You've been given a CSV file, `slcsp.csv`, which contains the ZIP codes in the
first column. Fill in the second column with the rate (see below) of the
corresponding SLCSP and emit the answer on `stdout` using the same CSV format as
the input. Write your code in your best programming language.

### Expected output

The order of the rows in your answer as emitted on stdout must stay the same as how they
appeared in the original `slcsp.csv`. The first row should be the column headers: `zipcode,rate`
The remaining lines should output unquoted values with two digits after the decimal
place of the rates, for example: `64148,245.20`.

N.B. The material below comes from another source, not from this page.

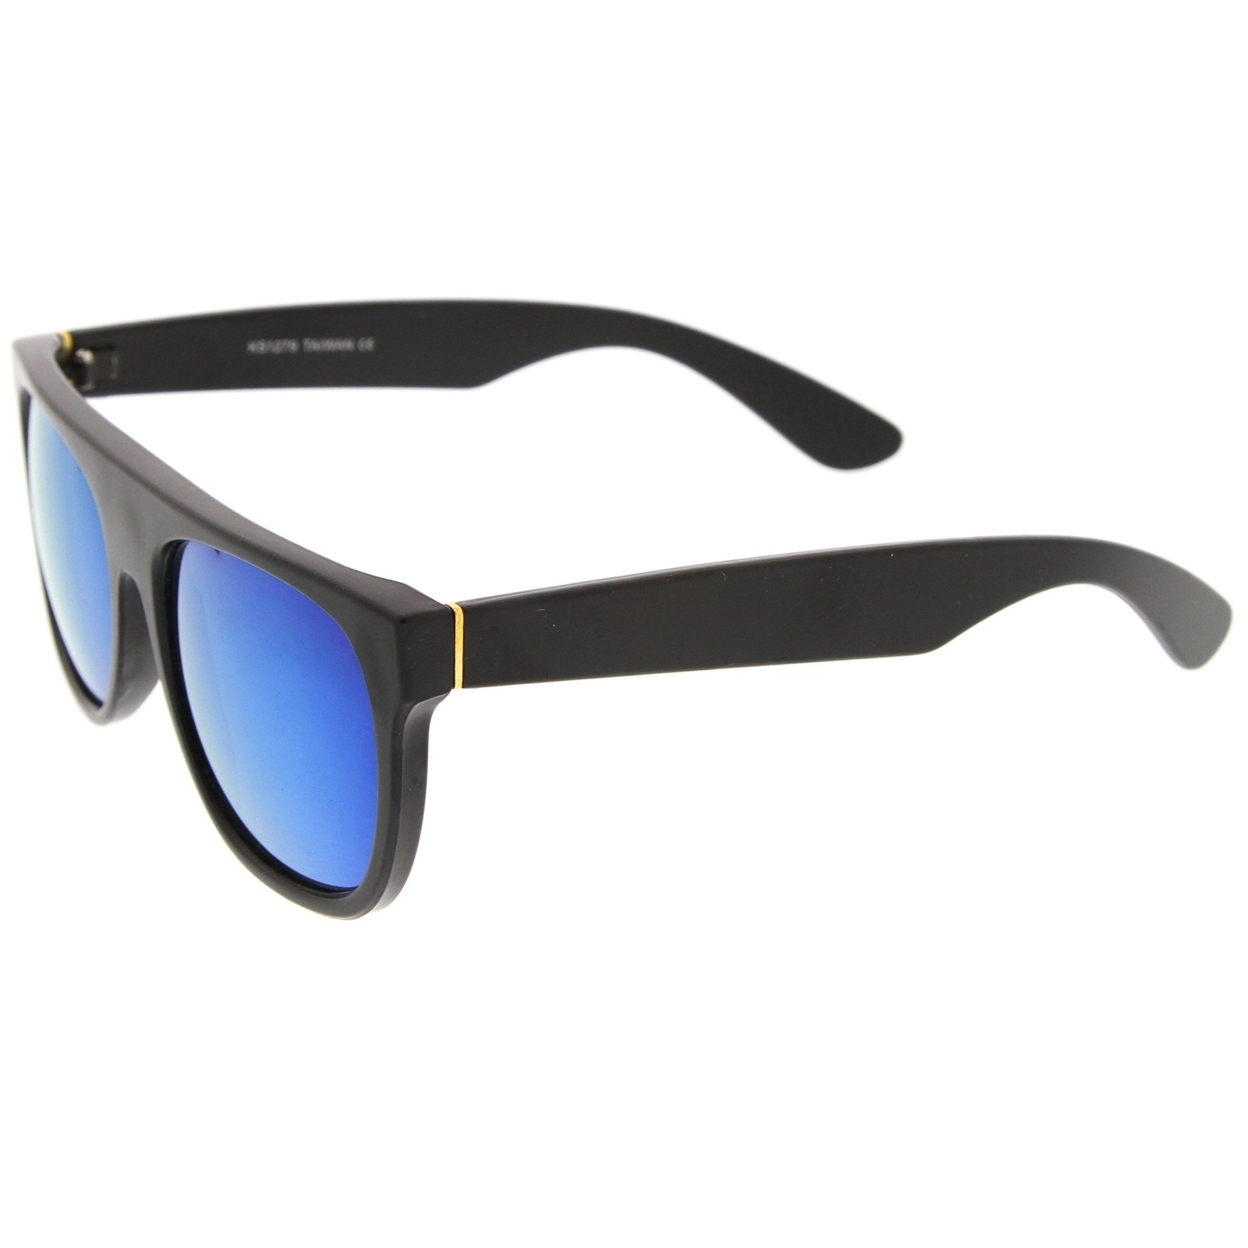 Modern Super Flat-Top Wide Temple Colored Mirror Lens Horn Rimmed Sunglasses 55mm - Shiny White / Blue Mirror

It may not be possible to determine a SLCSP for every ZIP code given; for example, if there is only one silver plan available, there is no _second_ lowest cost plan. Check for cases where a definitive answer cannot be found and leave those cells blank in the output (no quotes or zeroes or other text). For example, `40813,`.

## Additional information

The SLCSP is the so-called "benchmark" health plan in a particular area. It's
used to compute the tax credit that qualifying individuals and families receive
on the marketplace. It's the second lowest rate for a silver plan in the rate area.

For example, if a rate area had silver plans with rates of `[197.3, 197.3, 201.1, 305.4, 306.7, 411.24]`, the SLCSP for that rate area would be `201.1`,
since it's the second lowest rate in that rate area.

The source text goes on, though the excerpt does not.